**Information provided:**
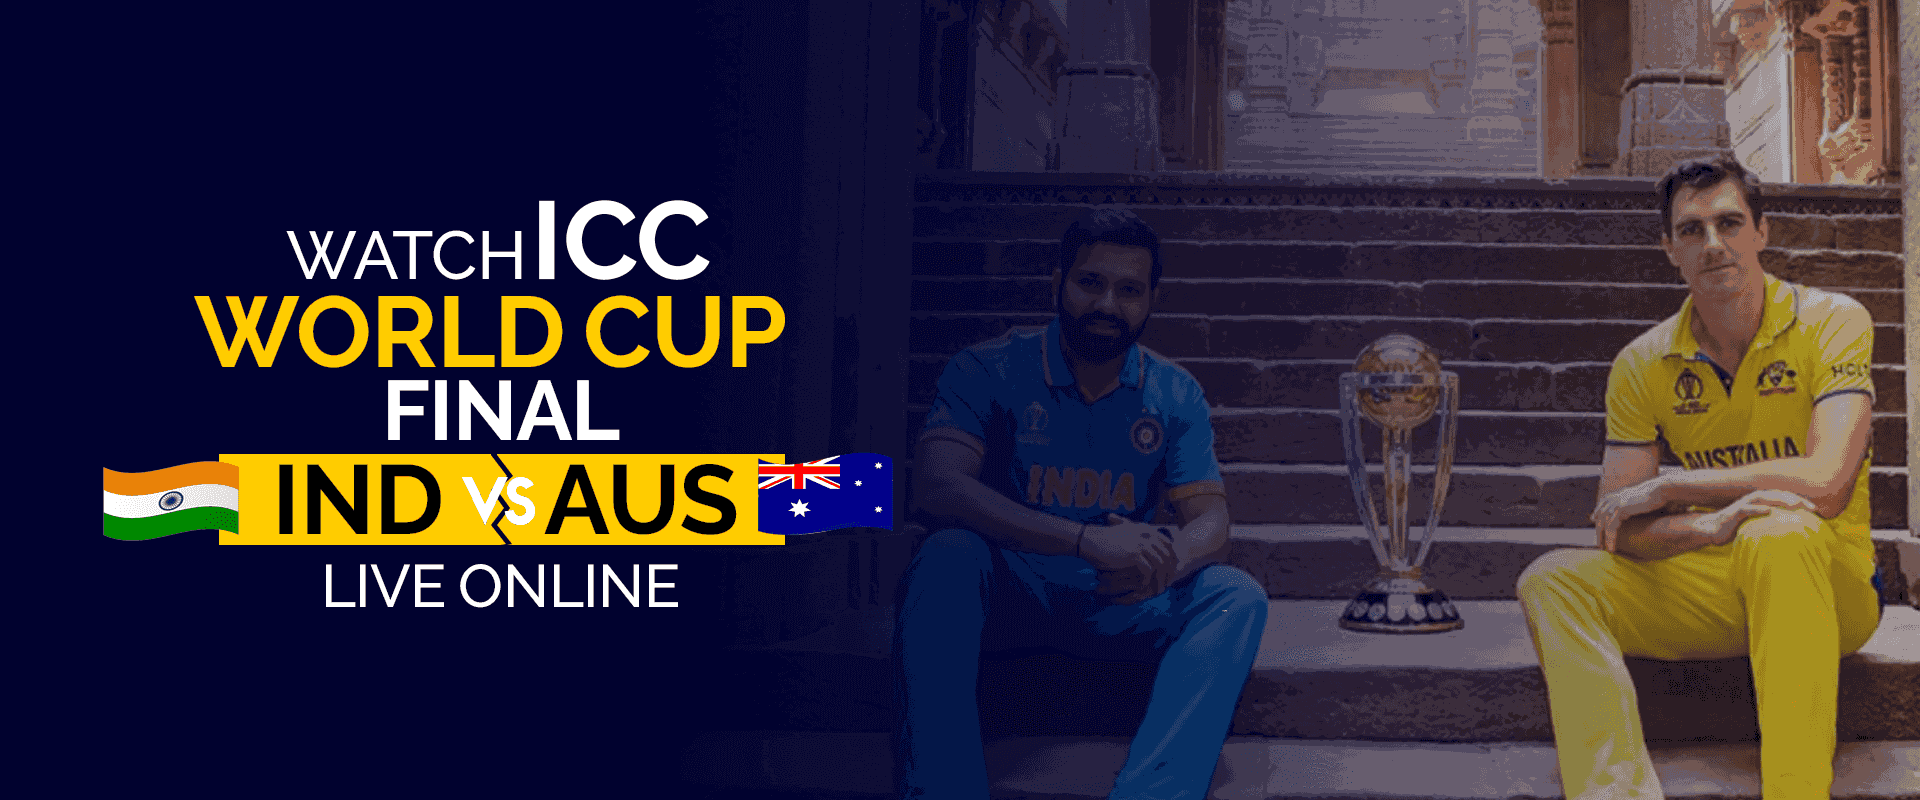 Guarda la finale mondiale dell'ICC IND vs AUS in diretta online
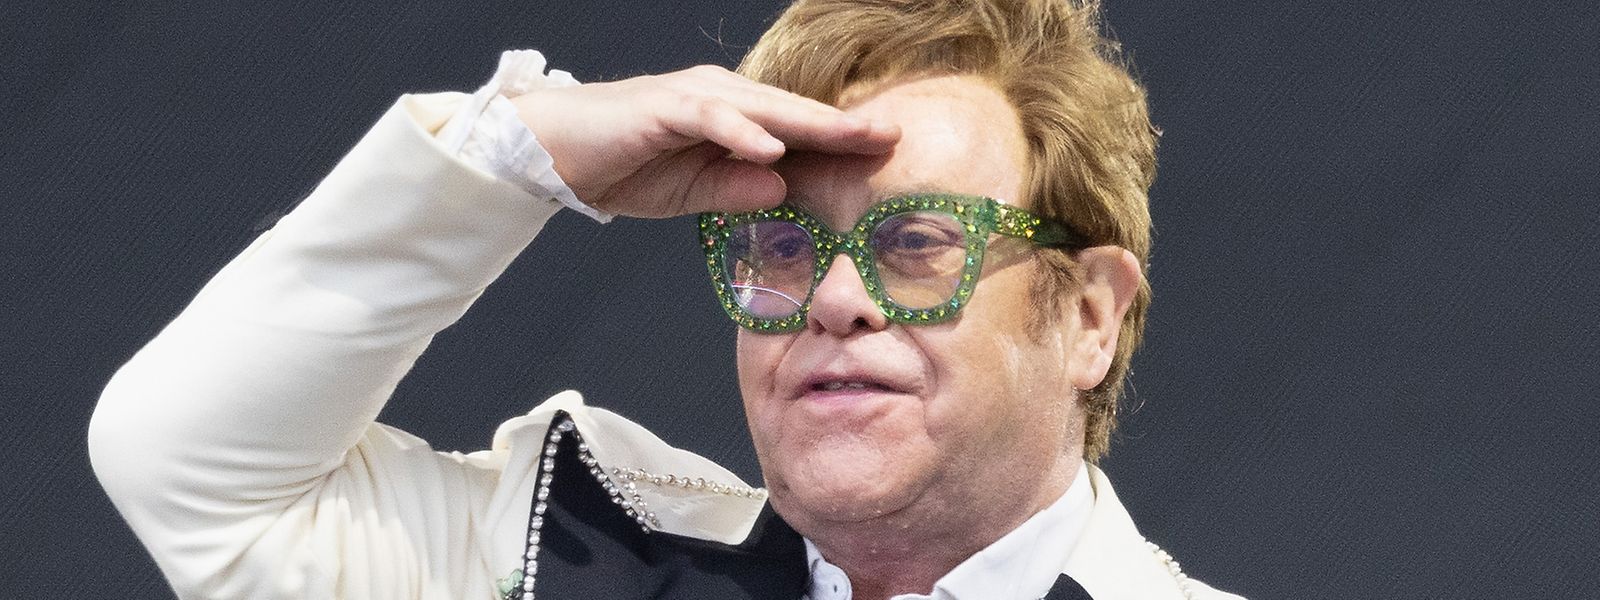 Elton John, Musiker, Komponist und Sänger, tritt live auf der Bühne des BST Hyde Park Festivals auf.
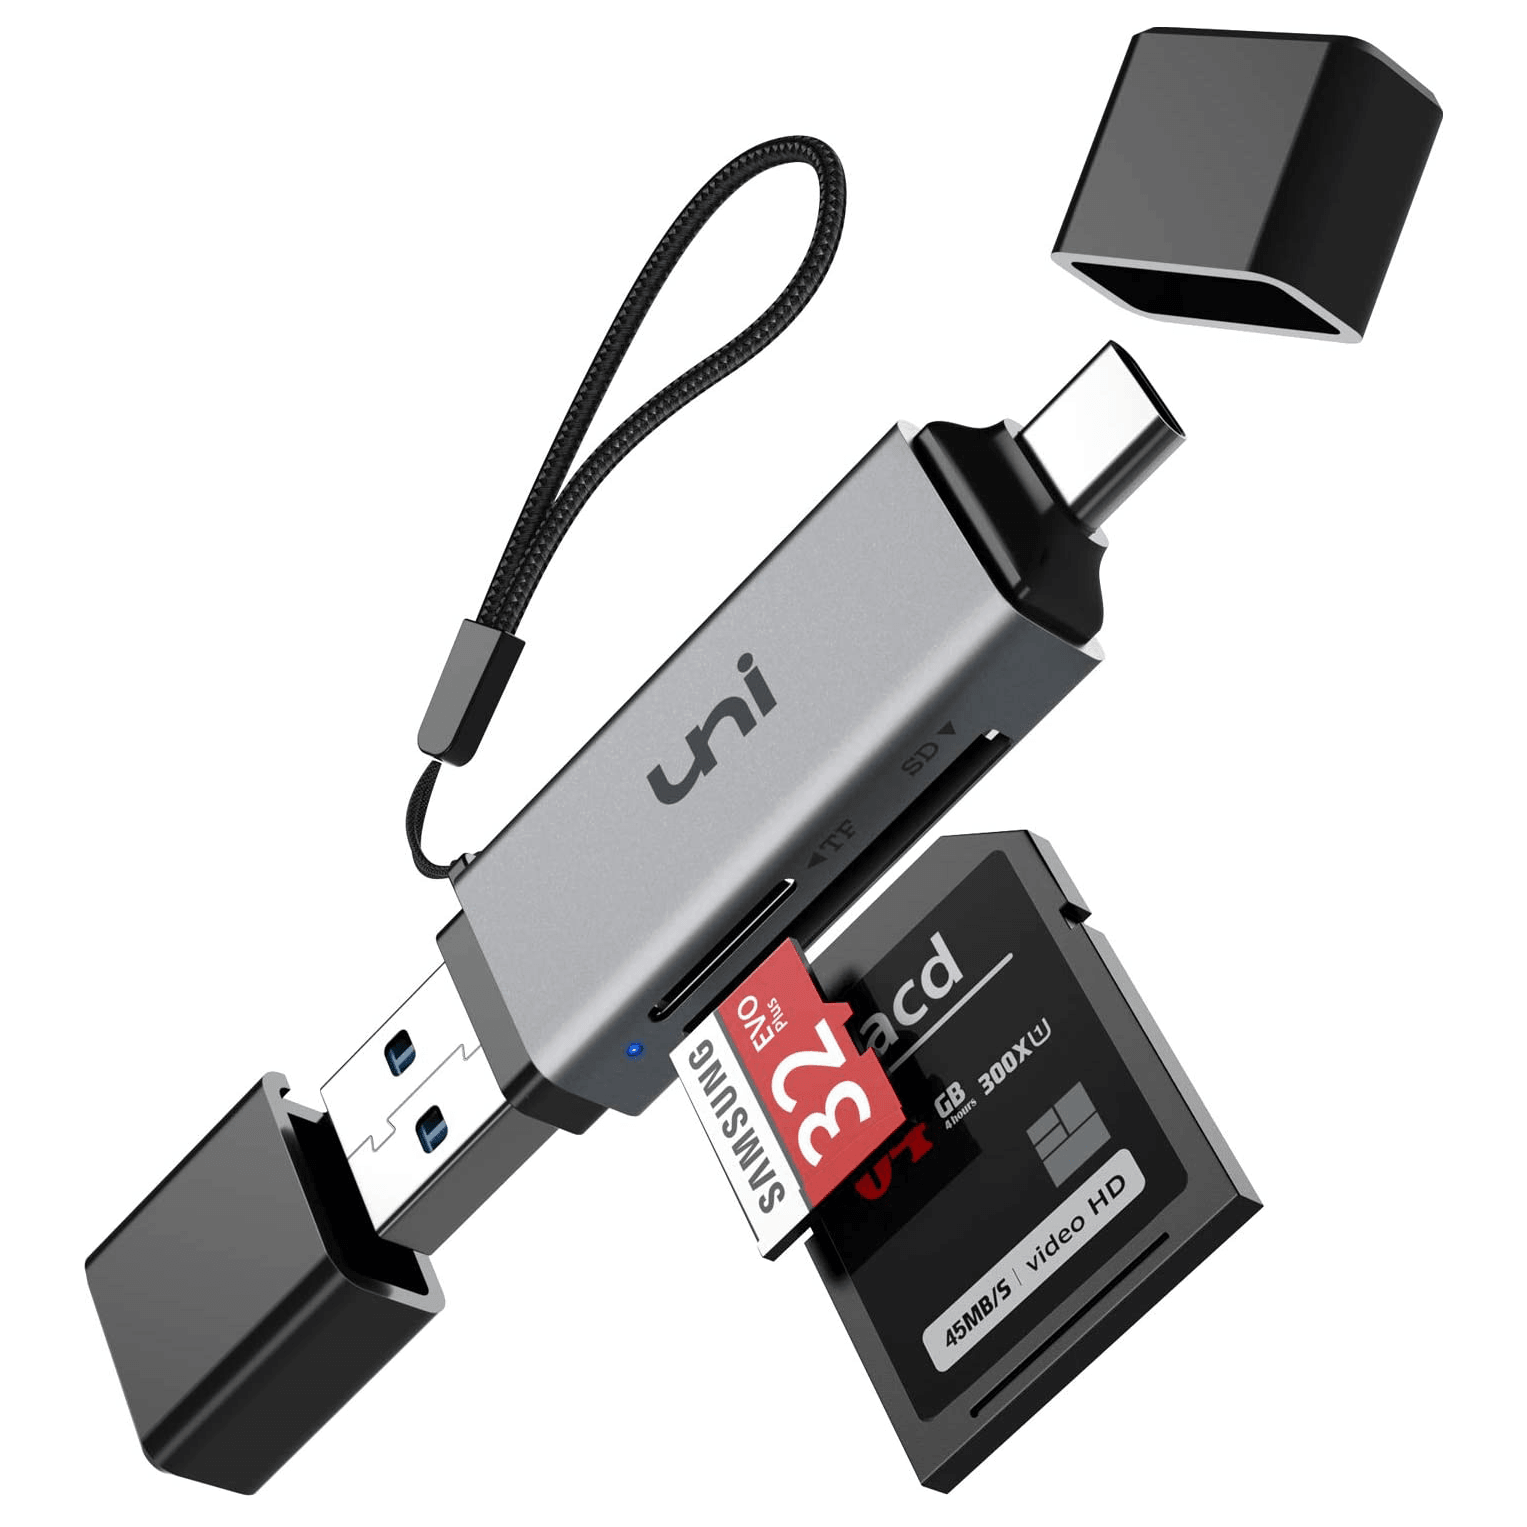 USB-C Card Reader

**Exercise goal:**
What you hand back should match the listing exactly, except that no pictures appear.

**Task output:**
 Guarda la finale mondiale dell'ICC IND vs AUS in diretta online
 Elton John, Musiker, Komponist und Sänger, tritt live auf der Bühne des BST Hyde Park Festivals auf.
 USB-C Card Reader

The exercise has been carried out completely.